A Empresa Brasil de Comunicação (EBC) tem sido alvo de censura pelo governo de Jair Messias Bolsonaro. As palavras “Golpe” e “Ditadura” estão excluídas da matérias produzidas pelos jornalistas.
Em nota veiculada pelo sindicato Jornalistas e Radialistas do DF, RJ e SP, jornalistas denunciam que só é possível descrever o golpe que levou o Brasil para um ditadura de vinte e um anos quando “as matérias trazem declarações do presidente para negar o fato: ‘para Bolsonaro, não houve ditadura no Brasil’. A palavra “golpe” é ainda mais escondida. No lugar de ‘aniversário do golpe’, se usa ‘comemoração de 31 de março de 1964’.” denuncia a nota.
A censura afeta todos os formatos produzidos pela EBC, desde rádio, matérias televisivas e textos escritos. As palavras deixaram de ser usadas para descrever a ditadura após o presidente ter incitado os quartéis a comemorarem a data.
Na nota é colocado que a fonte da censura é incerta. Não há certeza se é uma ordem direta do planalto ou se uma busca por não provocar o presidente, por parte da diretoria.
É feita uma convocação para os profissionais da EBC irem “trabalhar de roupa preta na segunda-feira, dia 1 de abril”.
Leia a nota na integra abaixo:
NA TENTATIVA DE REESCREVER A HISTÓRIA, EBC CENSURA “DITADURA” E “GOLPE” EM REPORTAGENS
Com a proximidade do aniversário de 55 anos do golpe de 1964, que deu início a uma ditadura militar com 21 anos de duração, a Empresa Brasil de Comunicação (EBC) vem impedindo o uso das palavras “golpe” e “ditadura” para classificar esse episódio da história brasileira. A censura ocorre nas reportagens de TV, rádio e agências.
A cobertura que evidenciou a proibição teve início quando o presidente da República, Jair Bolsonaro, afirmou que os quartéis deveriam comemorar a data. Houve repercussão na sociedade civil, no Congresso Nacional e em outros espaços de poder. O Ministério Público Federal recomendou que os comandos militares desistissem da celebração, e a Defensoria Pública da União entrou com uma ação para impedir os planos comemorativos, entre outros fatos com claro valor de noticiabilidade – e amplamente divulgados pela imprensa em geral.
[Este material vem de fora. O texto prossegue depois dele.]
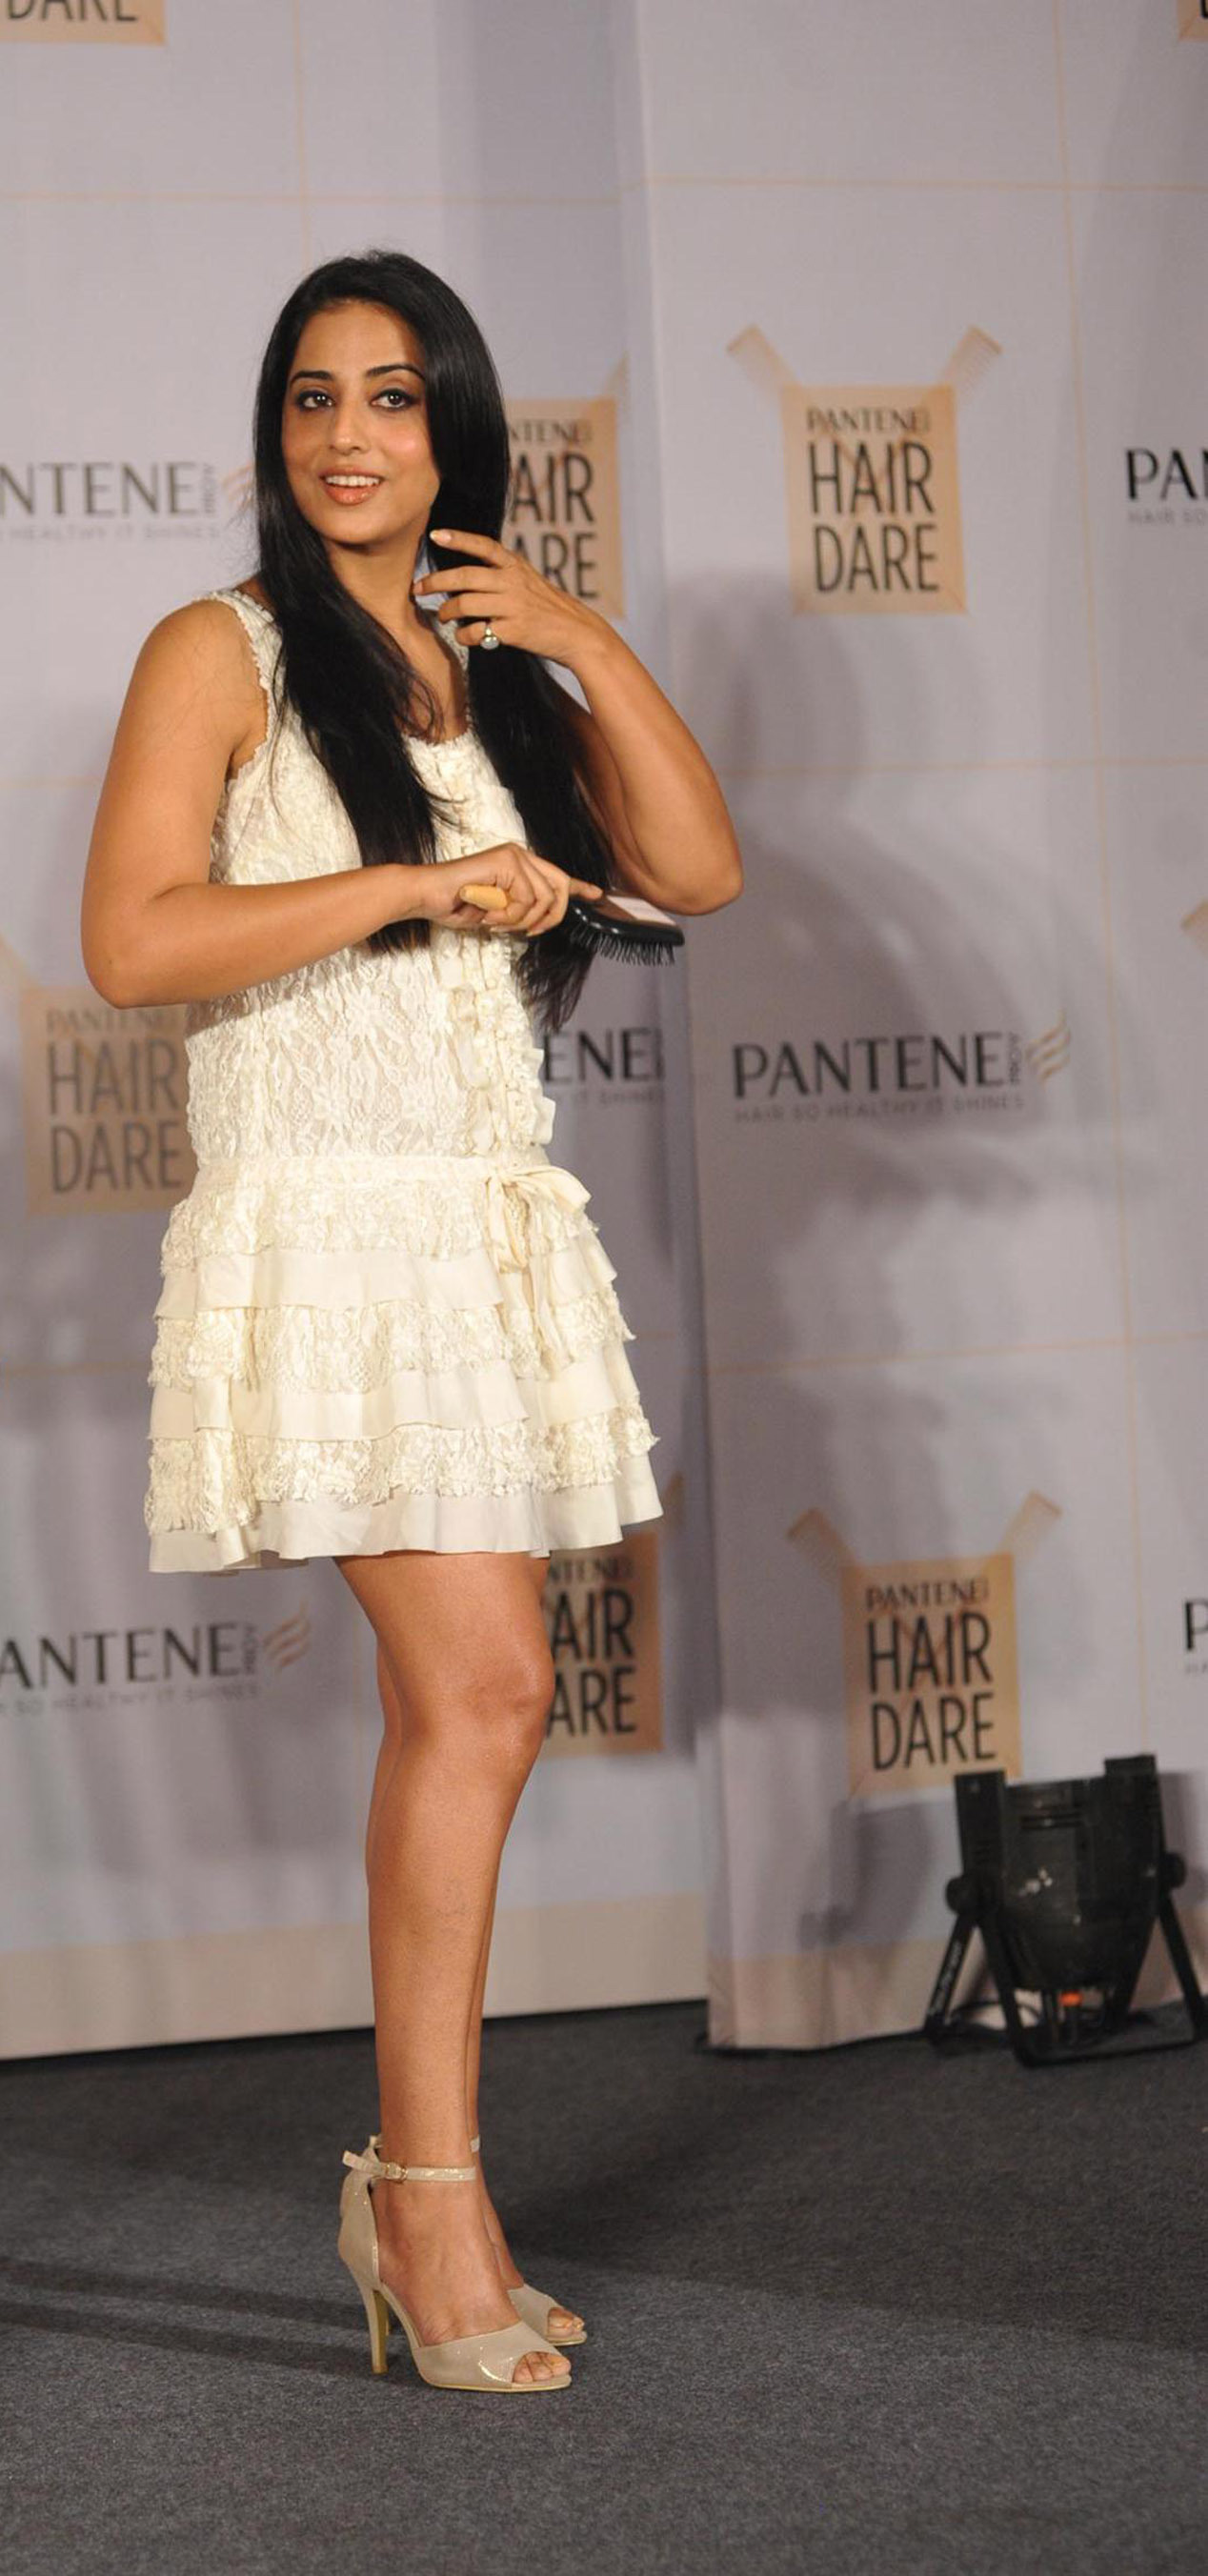 Mahie gill wikifeet celebrity

Nas reportagens e títulos que tratam sobre o assunto, o termo “ditadura” está sendo sistematicamente substituído por “regime militar”, a não ser quando as matérias trazem declarações do presidente para negar o fato: “para Bolsonaro, não houve ditadura no Brasil”. A palavra “golpe” é ainda mais escondida. No lugar de “aniversário do golpe”, se usa “comemoração de 31 de março de 1964”.
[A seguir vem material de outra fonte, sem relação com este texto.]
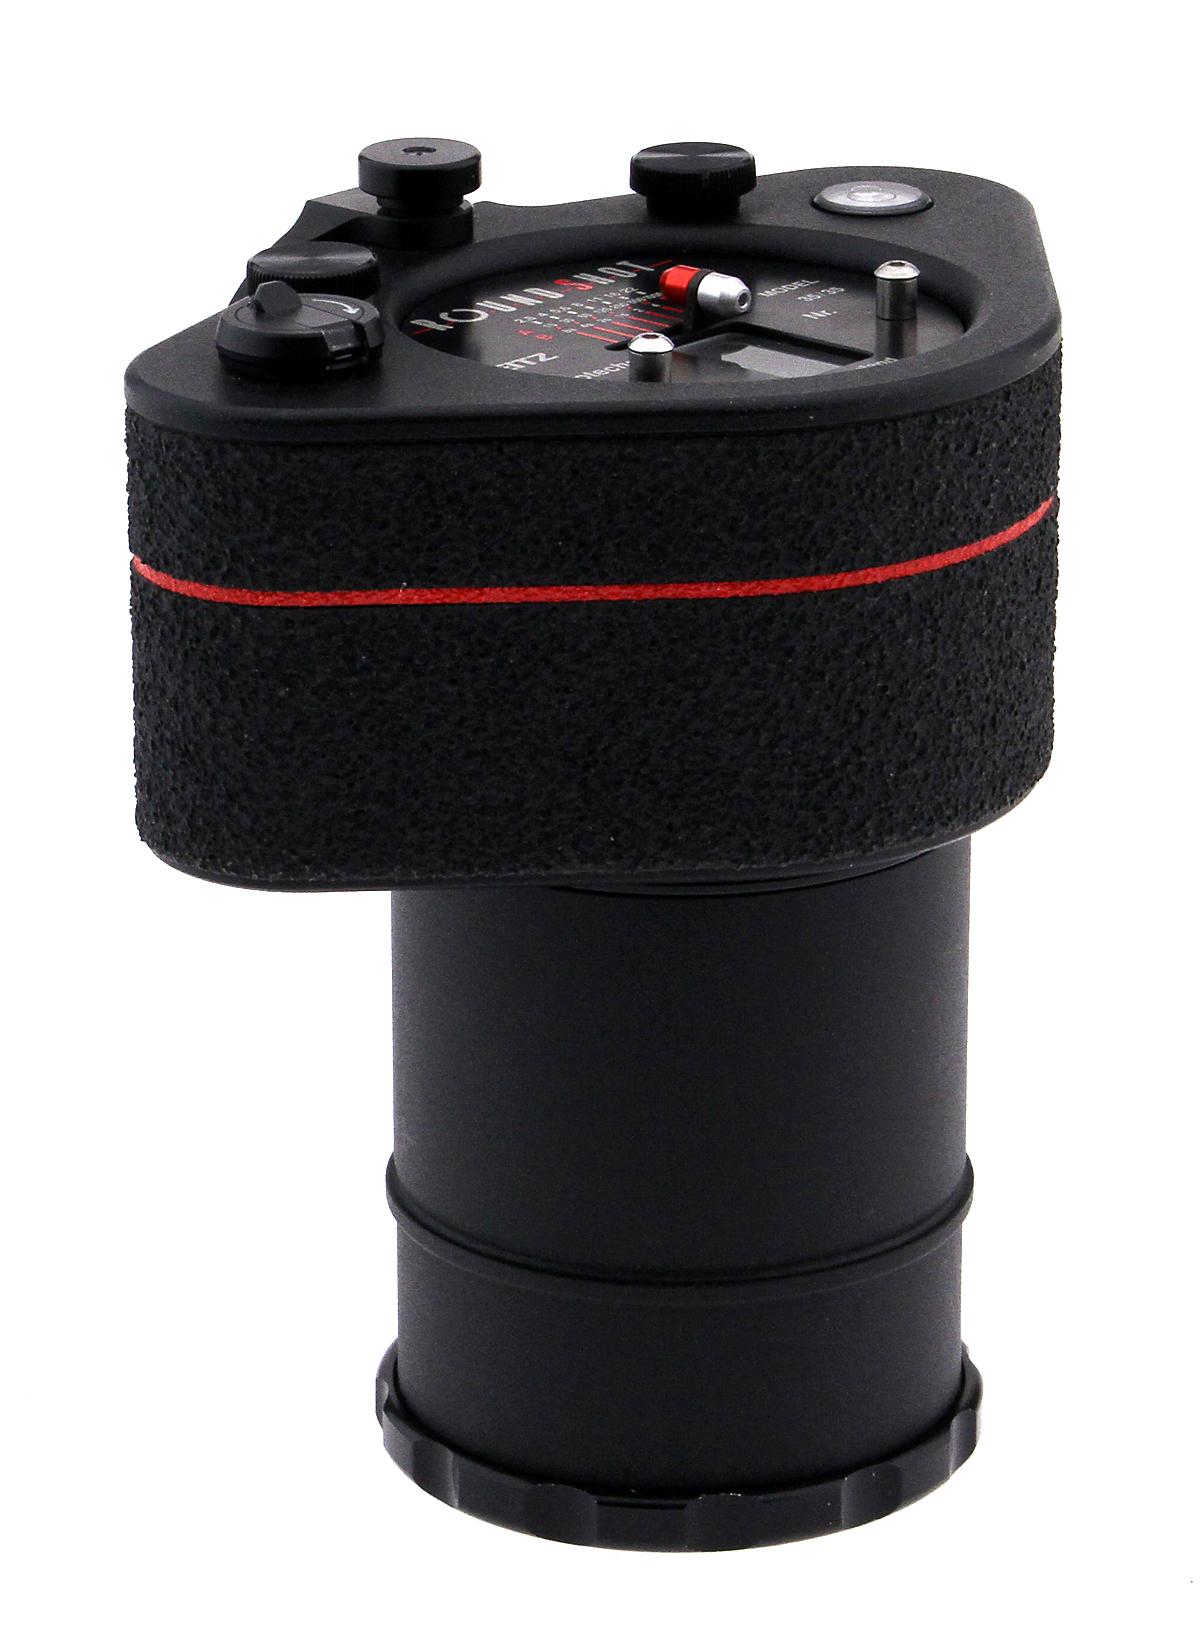 Roundshot Model 35/35 Panoramic Camera Used

Há relatos, ainda, da não veiculação de reportagens sobre a ação da DPU e da recomendação do MPF (uma estratégia é a substituição da matéria por uma “nota”, para fingir equilíbrio, quando se sabe o valor de cada formato dentro de um jornal), da retirada, redução ou desvalorização de relatos de vítimas da ditadura e até mesmo de dados já amplamente divulgados sobre o número de mortos e desaparecidos no período.
Não se sabe se a orientação veio do governo ou se os gestores da EBC se adiantaram a um possível desconforto governamental e implantaram a censura prévia que, mais do que tentar agradar os governantes utilizando para isso a comunicação pública, tentam reescrever e amenizar os fatos históricos.
Como trabalhadores da comunicação, temos compromisso com o Estado democrático de direito, com a narrativa honesta dos fatos e com a pluralidade de vozes da sociedade. É danoso ao Brasil que as reportagens da EBC, distribuídas gratuitamente para o país e o mundo, tentem esconder ou minimizar os crimes contra a humanidade praticados no período da ditadura militar.
Nos 21 anos que se seguiram ao golpe de 1964, milhares de pessoas foram exiladas, torturadas, estupradas, demitidas, perseguidas, presas e censuradas pelo Estado, entre outros prejuízos à dignidade humana e coletiva. Jornalistas, artistas, professores, advogados, políticos, operários, líderes populares, indígenas, crianças e até mesmo militares das Forças Armadas estão entre as vítimas, que sofreram por não concordarem com a ditadura. É nosso dever lembrar e contar o que aconteceu neste país.
Para que nunca mais se repita. Inclusive a censura.
OBS: Para protestar contra essa situação, conclamamos os colegas a virem trabalhar de roupa preta na segunda-feira, dia 1o de abril.